My wrong code here, I am not sure the select part. Anyone can help? Thanks a lot!

data = spark.read.parquet("s3:path").filter("Btype == 'a' and marketplaceId = 1").select(explode("myData.productData") as data)) ??

data is here:

 |-- myData: struct (nullable = true)
 |    |-- headline: string (nullable = true)
 |    |-- page1: string (nullable = true)
 |    |-- pageValue: string (nullable = true)
 |    |-- xxId: long (nullable = true)
 |    |-- productData: array (nullable = true)
 |    |    |-- element: struct (containsNull = true)
 |    |    |    |-- roomId: integer (nullable = true)
 |    |    |    |-- data: string (nullable = true)
                |-- itemname: string (nullable = true)

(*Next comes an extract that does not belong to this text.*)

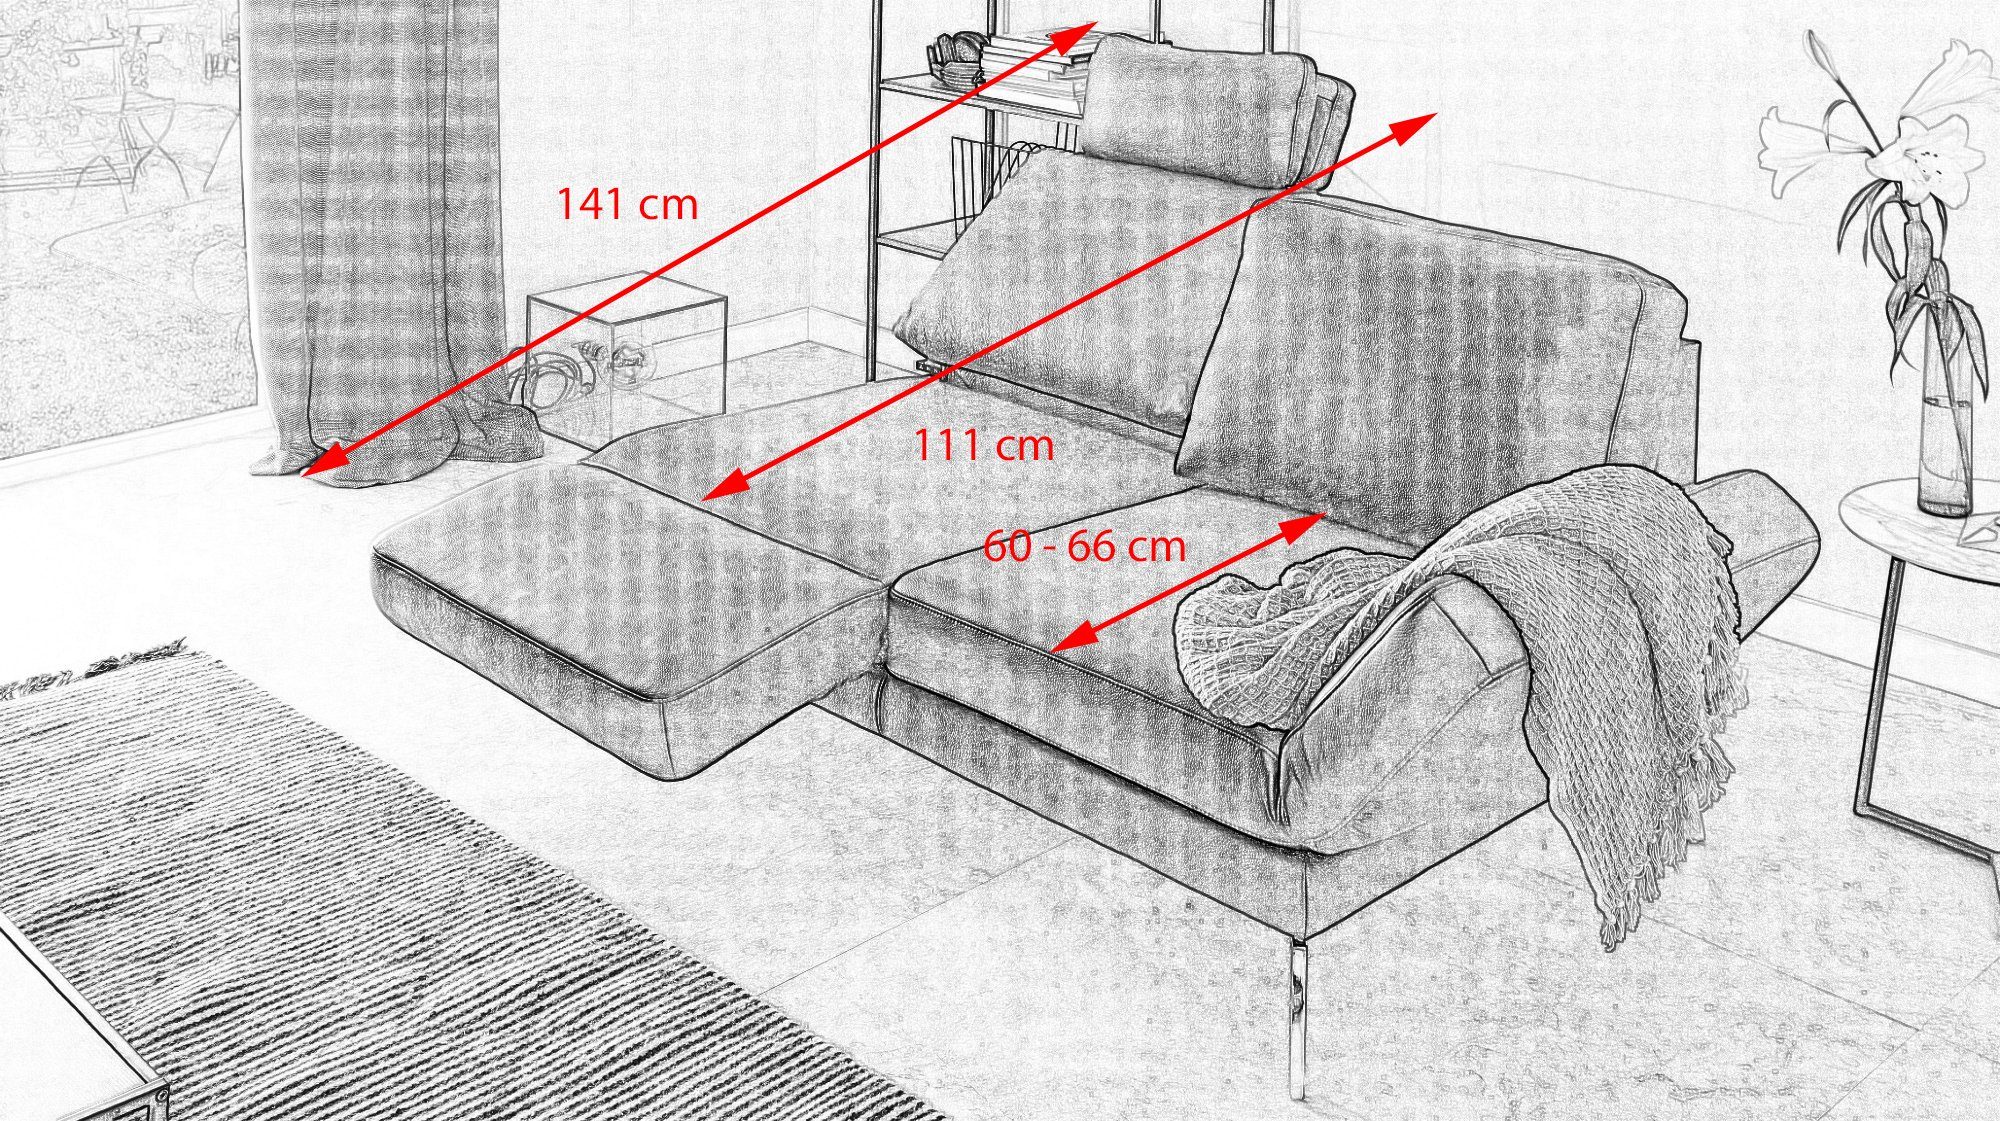 KAWOLA 2-Sitzer verschiedene braun HURRICANE, Leder Farben Sofa
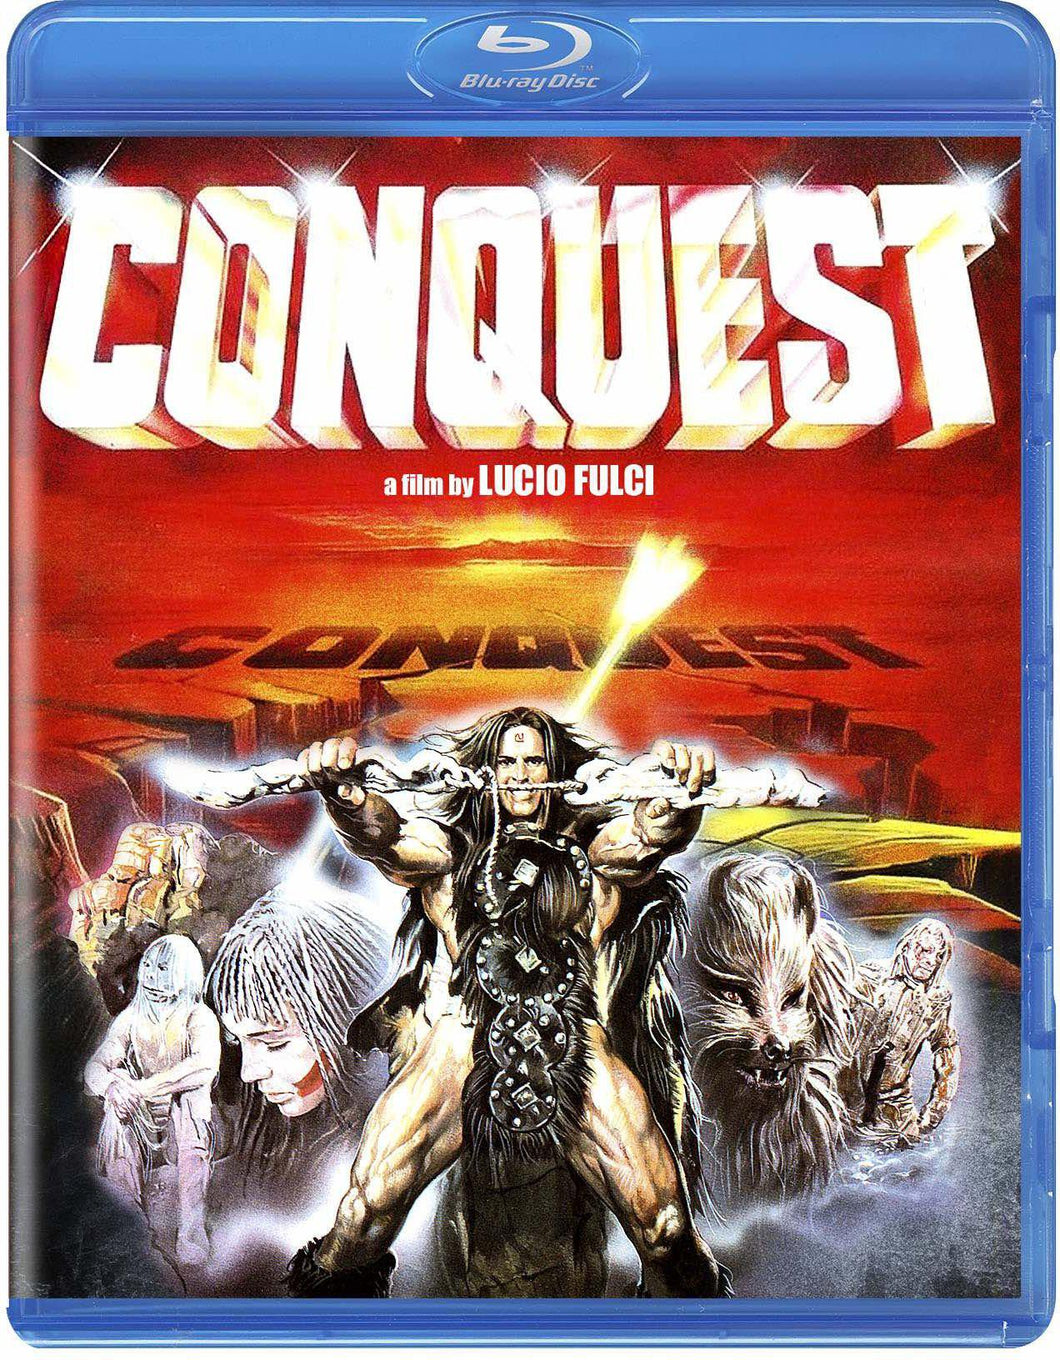 Conquest (Blu-ray): Ronin Flix

CodePudding user response：

To query the data field in the nested productData array using Spark SQL, you can use the explode function. The explode function takes in a column that contains an array, and outputs a new row for each element in the array.

Here is an example of how you can use the explode function in your query:

# Read the data from the parquet file and filter the rows
df = spark.read.parquet("s3:path").filter("Btype == 'a' and marketplaceId = 1")

# Use the explode function to flatten the productData array
df = df.select(explode("myData.productData").alias("productData"))

# Select the data field from the exploded productData array
df = df.select($"productData.data")

The resulting DataFrame will contain a single column named data, which contains the values of the data field from the productData array.